Experimental cuisine’s all the rage but is there any substance to it or is it just smoke and mirrors? Catherine Jones finds out.

Ever since Heston Blumenthal burst onto our TV screens, using clouds of CO2 to increase the flavour of his dishes, making pork scratchings the size of flying saucers and using chemistry to turn base meals into culinary gold, any chef worth his lavender-infused salt has combined cooking with science. Molecular Gastronomy, using chemistry techniques to study and create food, is de rigeur.

But does it really enhance your eating experience or is it just a fad? I’ve joined a group of journalists for experimental cuisine at a hired space near Covent Garden, to find out.

The event’s been arranged to promote Colgate Sensitive Pro-Relief, a toothpaste which promises to cure sensitive teeth by creating a barrier between food and your teeth’s raw nerve endings. Chemical Chef Sean Wilkinson has created a menu incorporating sweet, cold, hot, spicy and acidic foods which exacerbate sensitive teeth to show that the toothpaste works.

Tenuous? Maybe. But I’m excited when Sean uses a canister of Carbon Dioxide to create our starter. While he sculpts an egg white into meringue, his bald head and tattooed arms only just visible through the clouds of gas, we slather the toothpaste onto our teeth and hope it works its magic.

Dusted with freeze dried lemongrass, the meringue disintegrates into a delicious burst of creamy passion fruit-flavoured foam and a teaspoon of jade passion fruit-flavoured balls that look caviar bursts in my mouth. They remind me of the jelly balls you get at the bottom of Bubble Tea. It’s a light, tasty palate cleanser but it’s a lot of faff.

Still, if anyone can prove that experimental cuisine isn’t just about superficial and entertaining, it’s Sean. Self-taught, he became a head chef aged 21, then started reading about experimental cuisine and practising techniques like spherification (turning liquids into tiny spheres).

Ten years on, after being the head chef of Michelin-starred Attitude and winning awards at two other Durham restaurants, he’s used his scientific know-how to create foods for head and neck cancer patients who often find it hard to swallow food.

Most notably, he created deconstructed cheese sandwich for John, a man who hadn’t eaten one for two years following cancer treatment. He froze focaccia, shaved off thin slices and baked it in the oven to make a cracker bread, then combined cheese, gelatine, water and milk and infused it with CO2 to make a flavoursome cheese mousse and finished it with a soft tomato chutney. It was a triumph and John now takes a canister of CO2 with him to the pub so he can recreate the sandwich!

I quite like the sound of it but Sean has other ideas for our starter. A silky-smooth beetroot sorbet is sweet and earthy, like inhaling the contents of Chelsea Flower Show. It’s served with cubes of beetroot jelly, goat’s cheese snow (frozen and crystallised goats cheese that melts deliciously on my tongue) and a goat’s cheese mousse encrusted with crushed walnuts. The star of the show is the beetroot crisp created from a reduction of seaweed gel infused with beetroot flavour. It’s crunchy, moreish, like vegetarian crackling.

As I listen to Sean explain the science behind his dishes – how CO2 intensifies flavours because the micro bubbles in the mixture cover a greater area on the tongue, and how just one egg white has made 14 meringues – it ignites an interest in science I never knew I had. If only I’d made meringues in chemistry at school instead of trying to learn the periodic table, I’d be brainier than Brian Cox.

The main course, Sean’s take on a Surf and Turf, is a magic carpet ride of flavours and textures: Pork belly cooked in a water bath for seven hours so it’s as soft as butter, streaks of spinach veloute and carrot puree, pickled cauliflower florets, chunks of grapefruit for a burst of citrus flavour, lobster with a marmalade glaze and crunchy carrot meringues.

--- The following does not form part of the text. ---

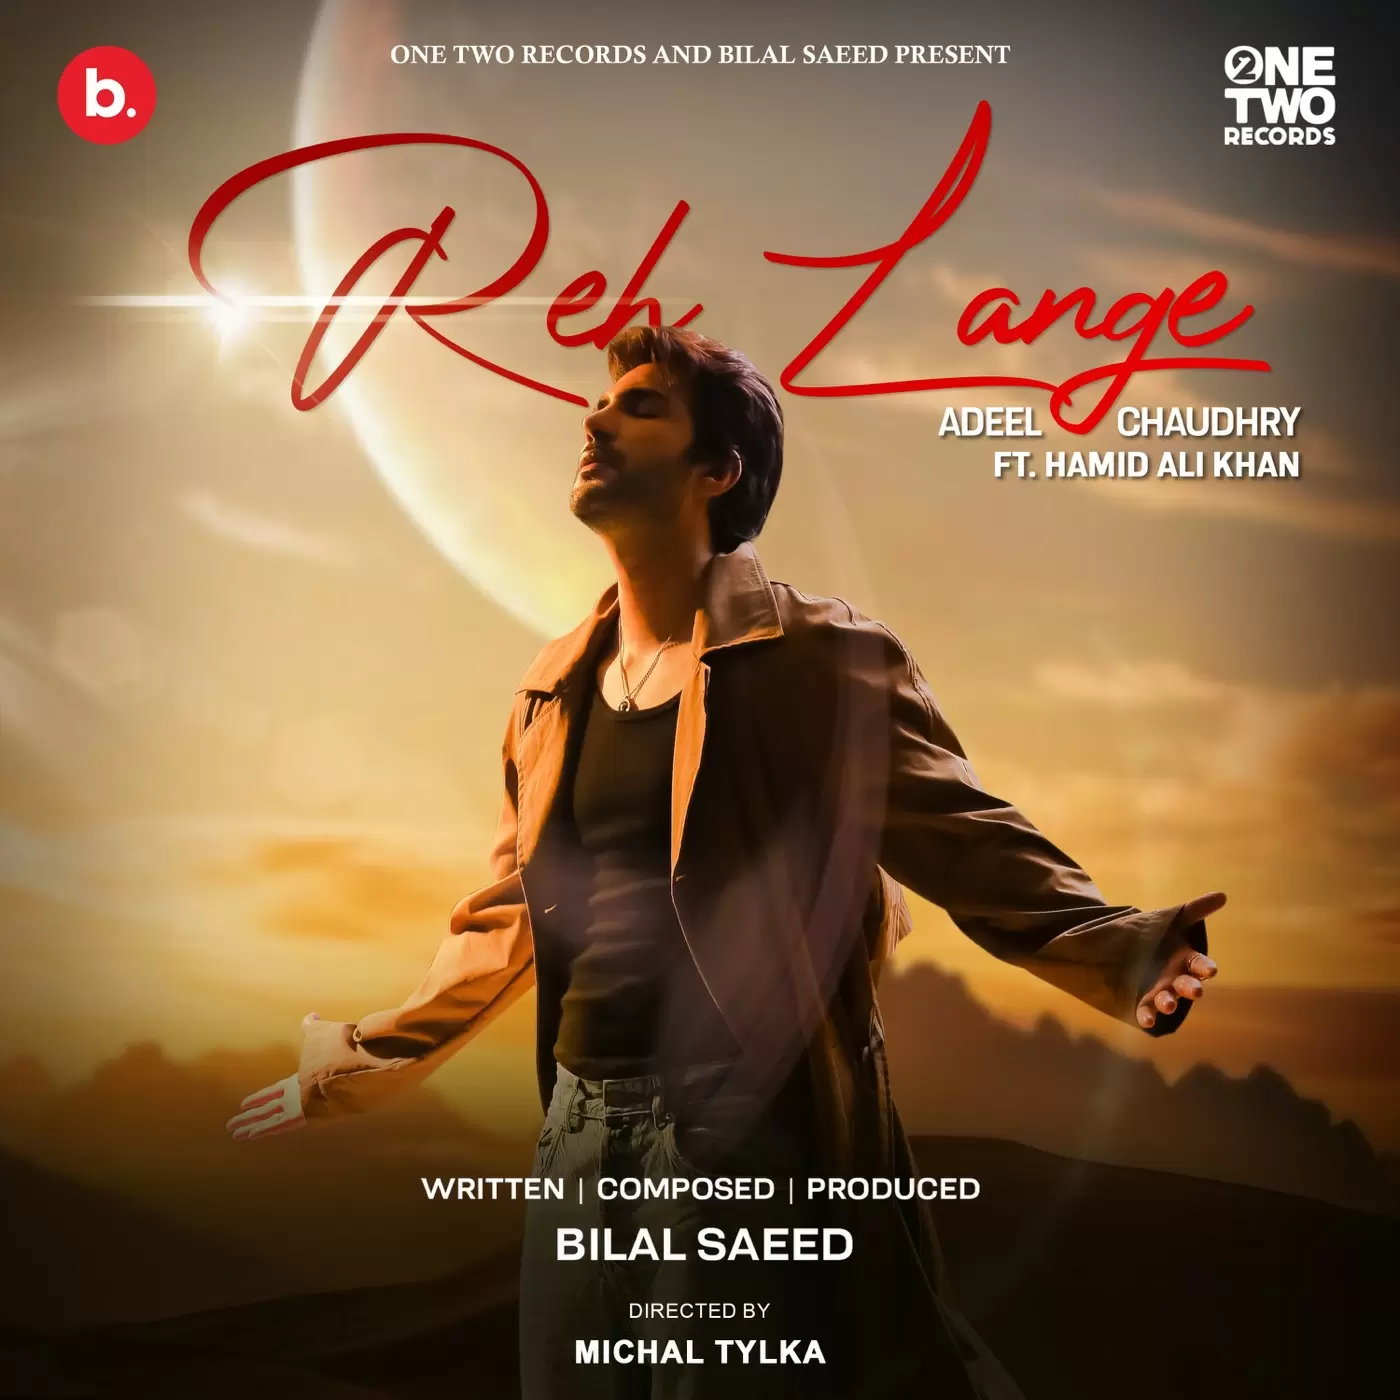 Reh Lange Adeel Chaudhry Mp3 Download Song - Mr-Punjab

On top is a sprinkling of puffed-out tapioca, spices and herbs that tastes like popcorn.

The meal ends with a creamy Panna cotta topped with rhubarb foam. I’m not a fan of foam – it reminds me of school sports day spittle – and this one lacked flavour. Sean was aiming for different temperatures (cool Panna cotta and hot foam) but sadly it was tepid by the time we got it. Luckily, the creamy, white chocolate custard parfait saved the day and the cocoa butter popping candy was a fun addition, especially as one of the diners hadn’t had it before.

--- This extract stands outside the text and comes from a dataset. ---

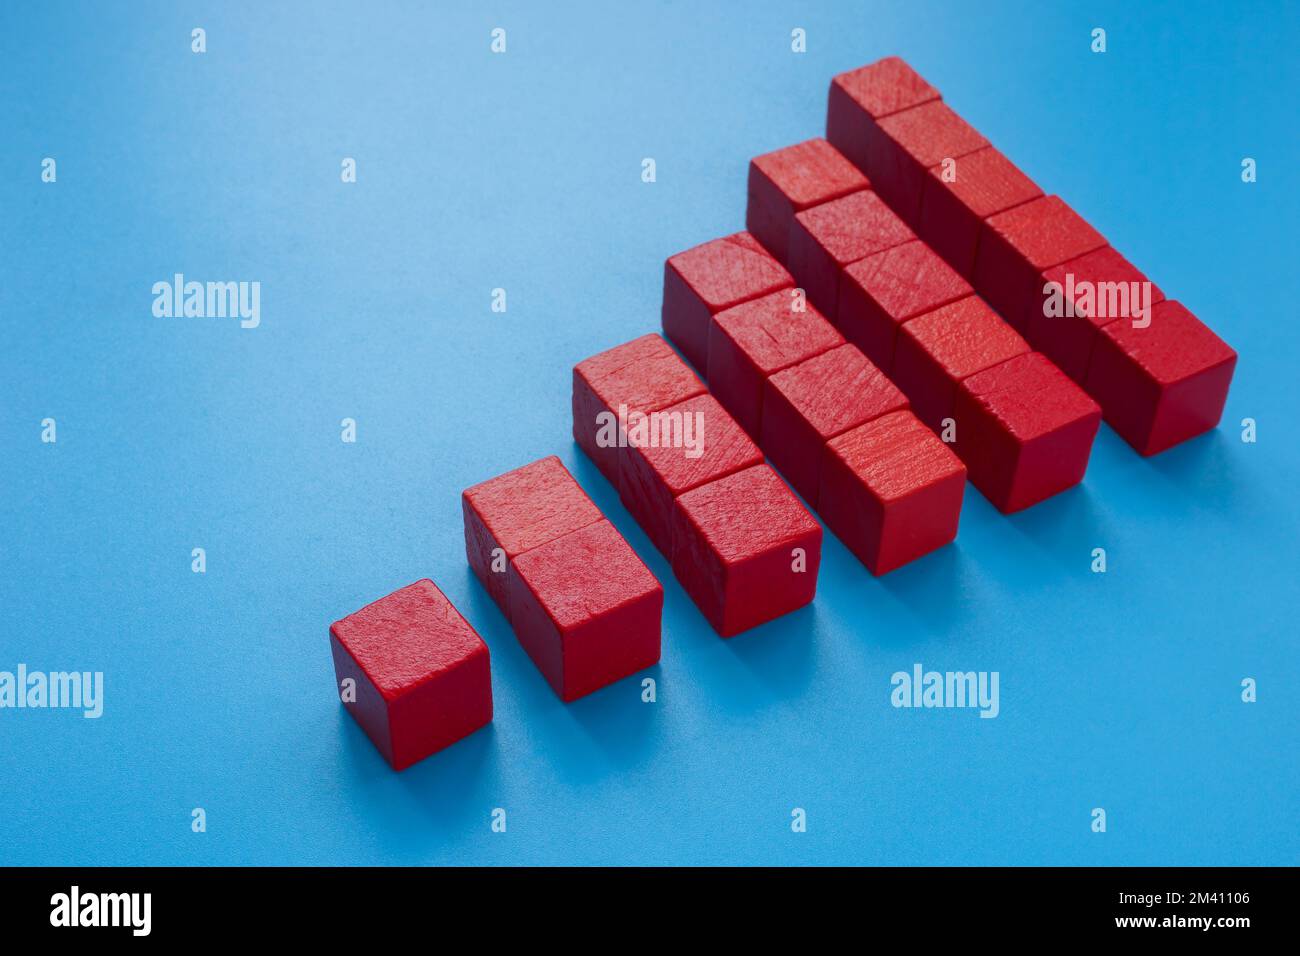 Une pyramide de cubes rouges. Concept d'évolutivité. Banque D'Images

Watching everyone else’s reaction to the meal was as enjoyable as the food. This wasn’t just gastronomy, it was entertainment. While my eyes popped out of my head and my tastebuds tingled with delight, my teeth did feel the rigours of Sean’s menu. Maybe I should’ve used more of the toothpaste. 

My first experience of experimental cuisine was brilliant but there’s just one problem: it’s turned me into a dining diva. From now on, I want my food all-singing and all-dancing. If my meal doesn’t come with a sprinkling of popping candy or a cloud of smoke, I’ll be sending it back!